_Provided data_:
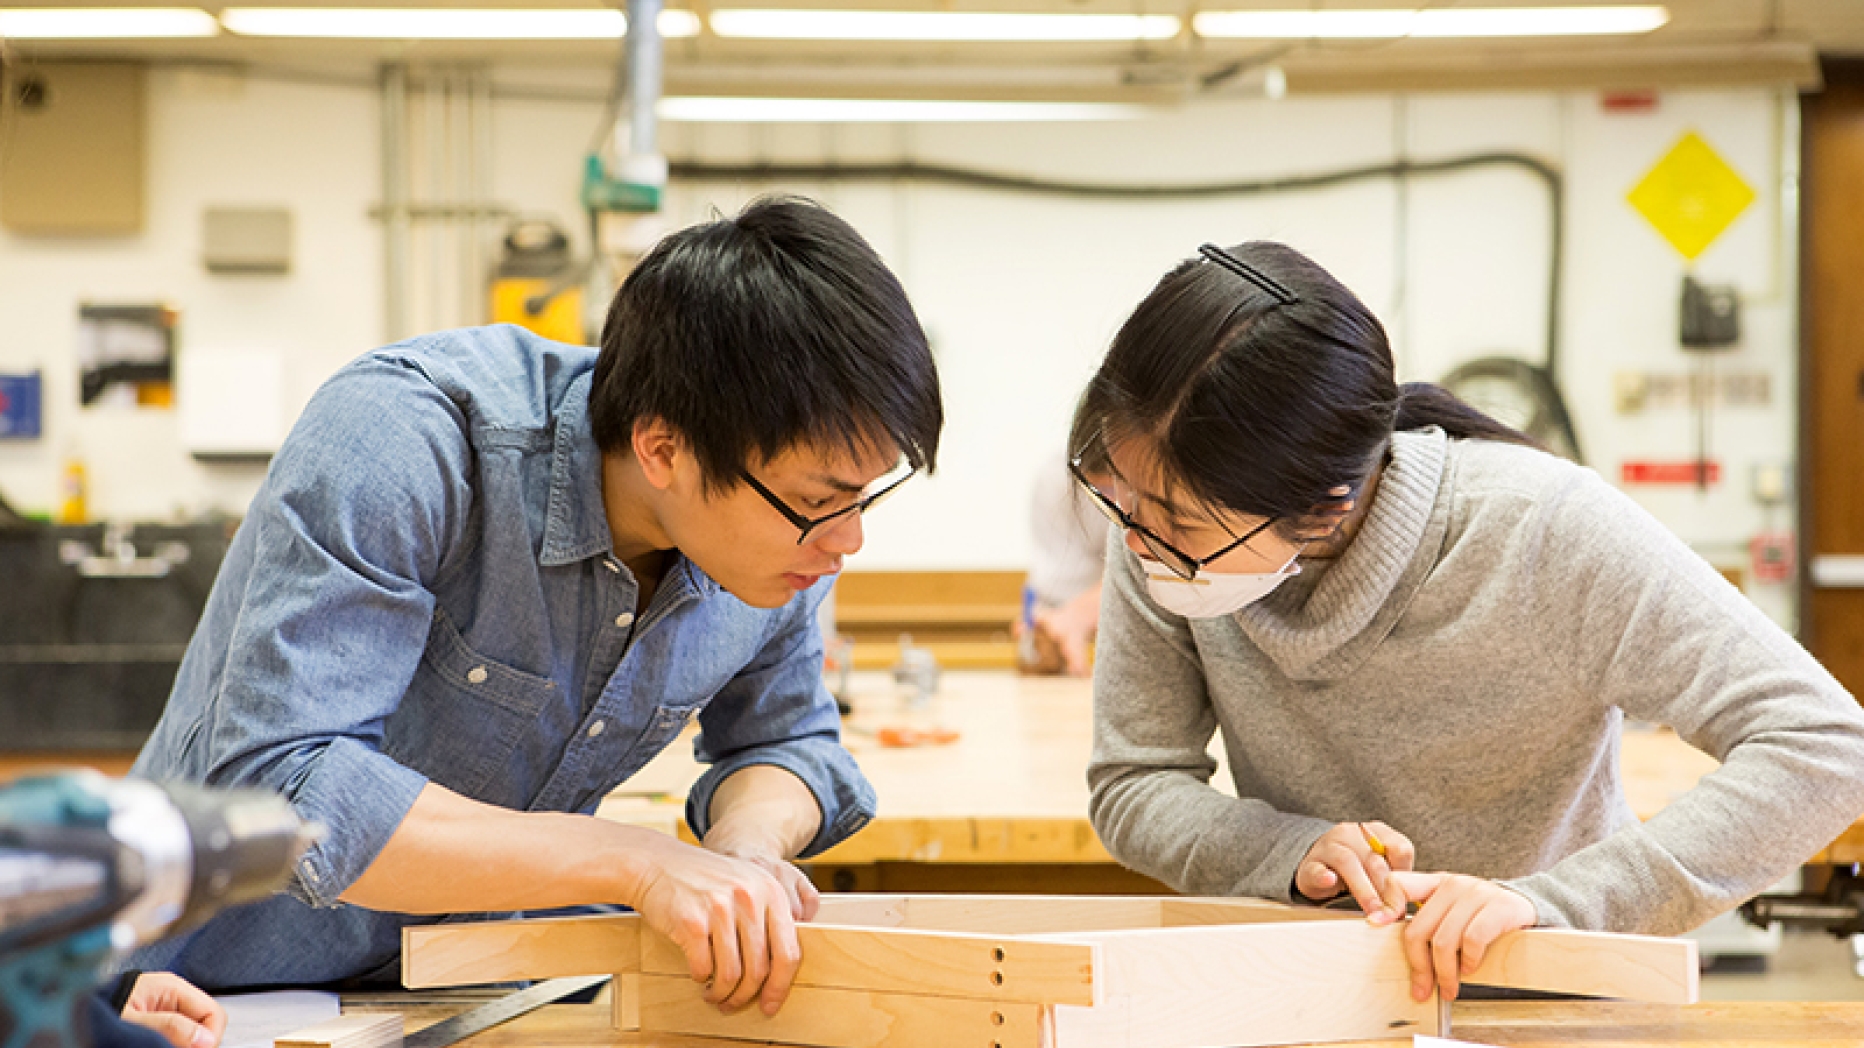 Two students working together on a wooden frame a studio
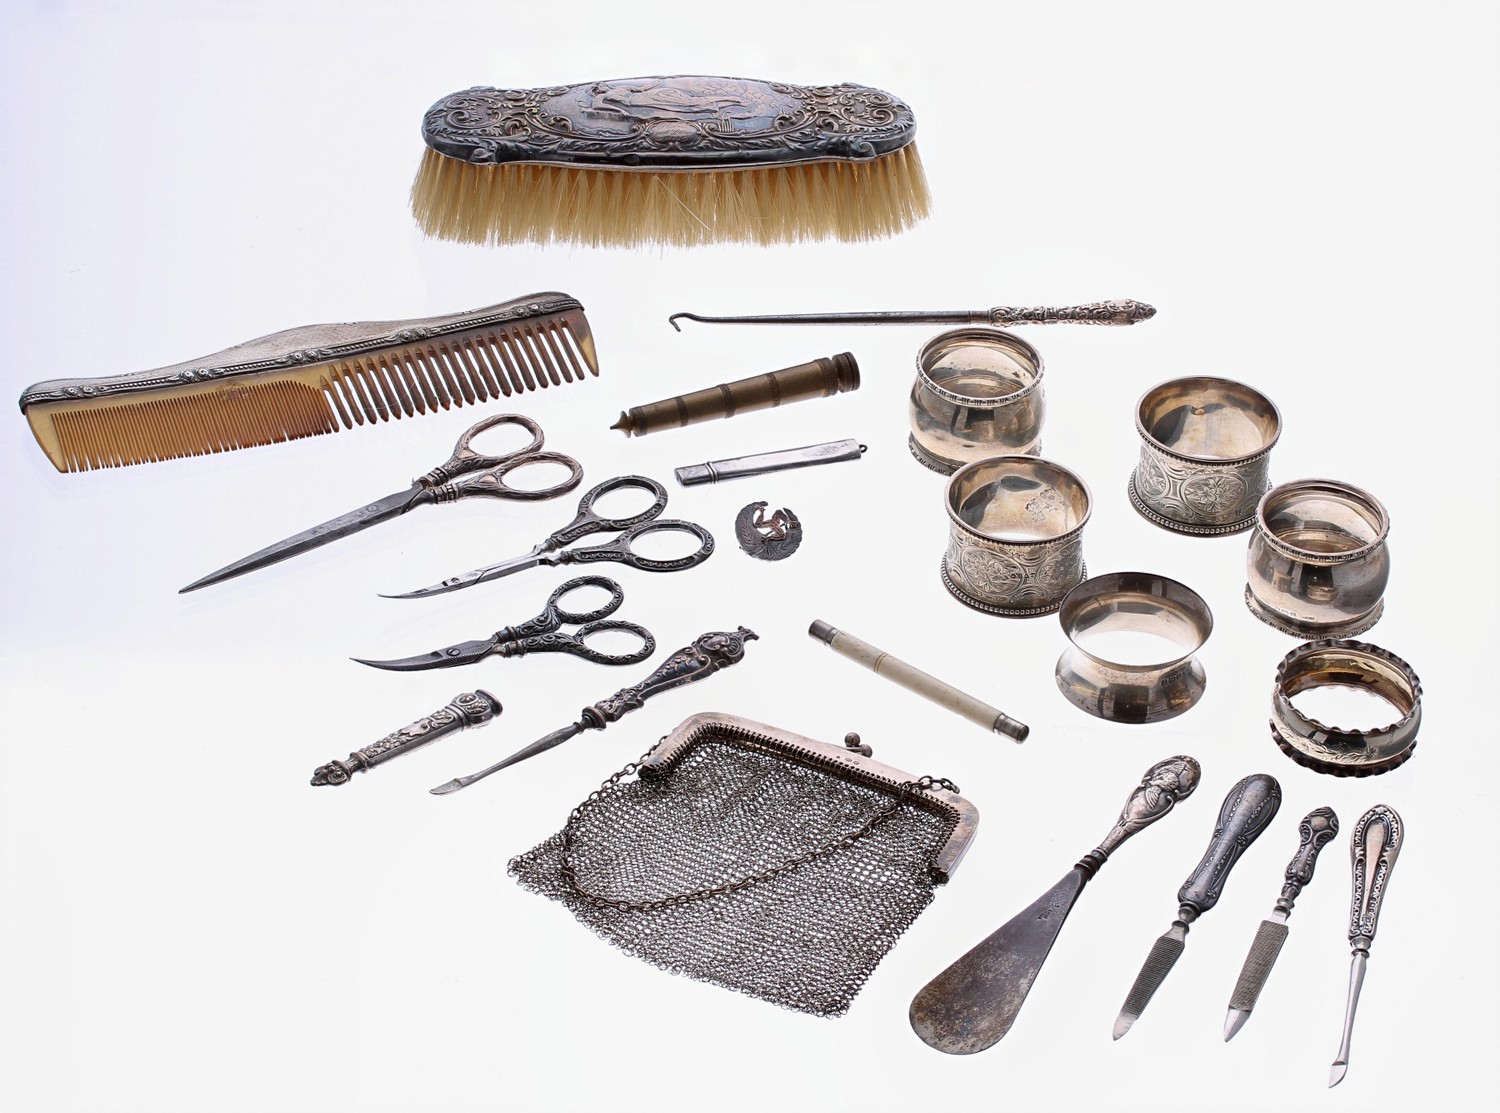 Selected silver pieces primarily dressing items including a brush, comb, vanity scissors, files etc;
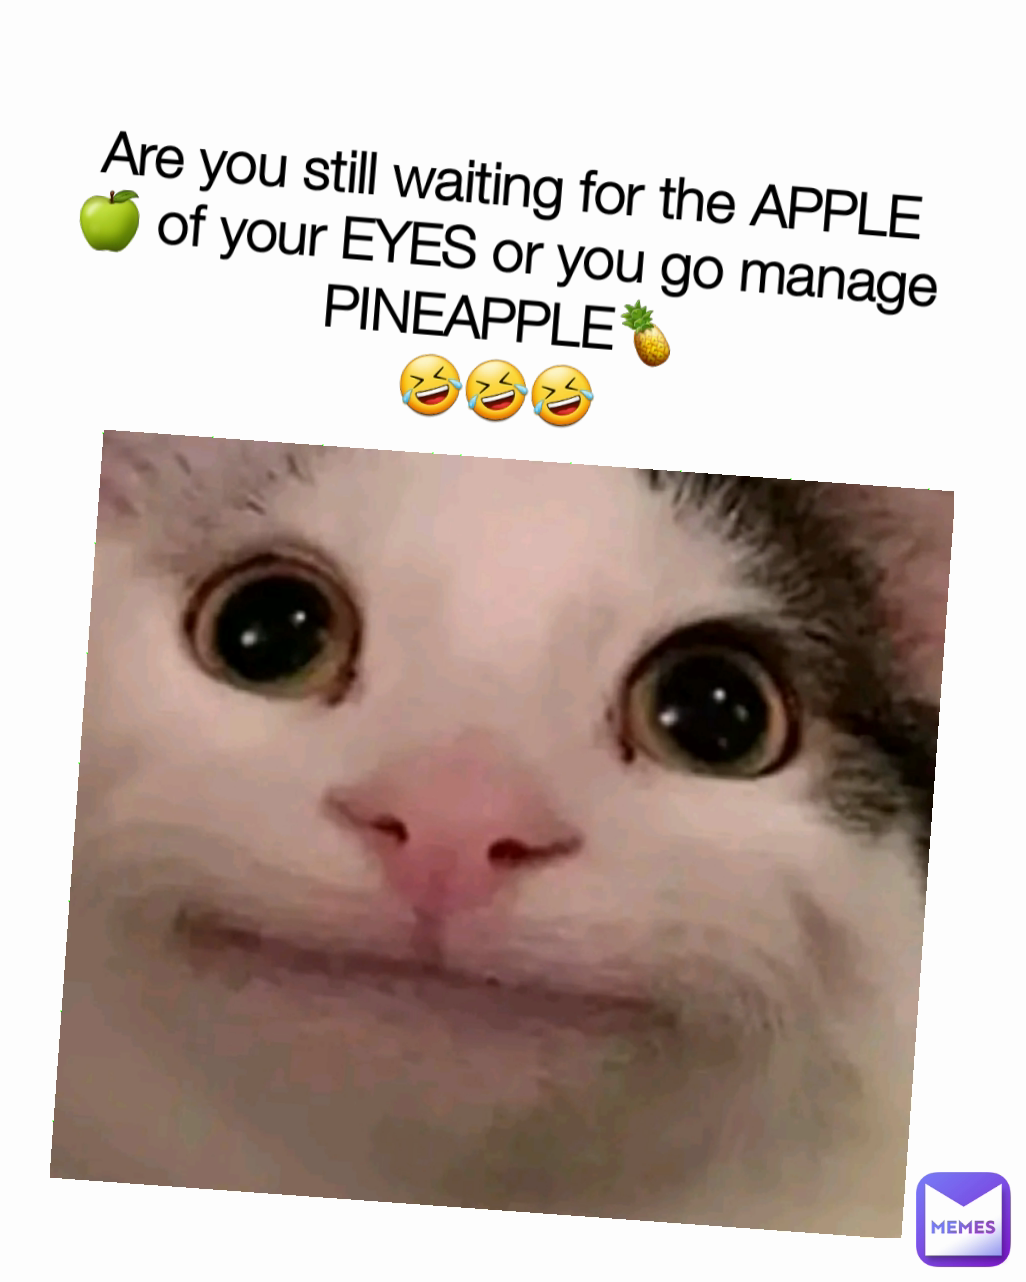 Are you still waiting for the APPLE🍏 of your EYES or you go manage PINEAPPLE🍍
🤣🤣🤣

_Prompt_:
Retype the whole listing, keeping every line identical and omitting all pictures.

_Task answer_:
 Two students working together on a wooden frame a studio
 Selected silver pieces primarily dressing items including a brush, comb, vanity scissors, files etc;
 Are you still waiting for the APPLE🍏 of your EYES or you go manage PINEAPPLE🍍
🤣🤣🤣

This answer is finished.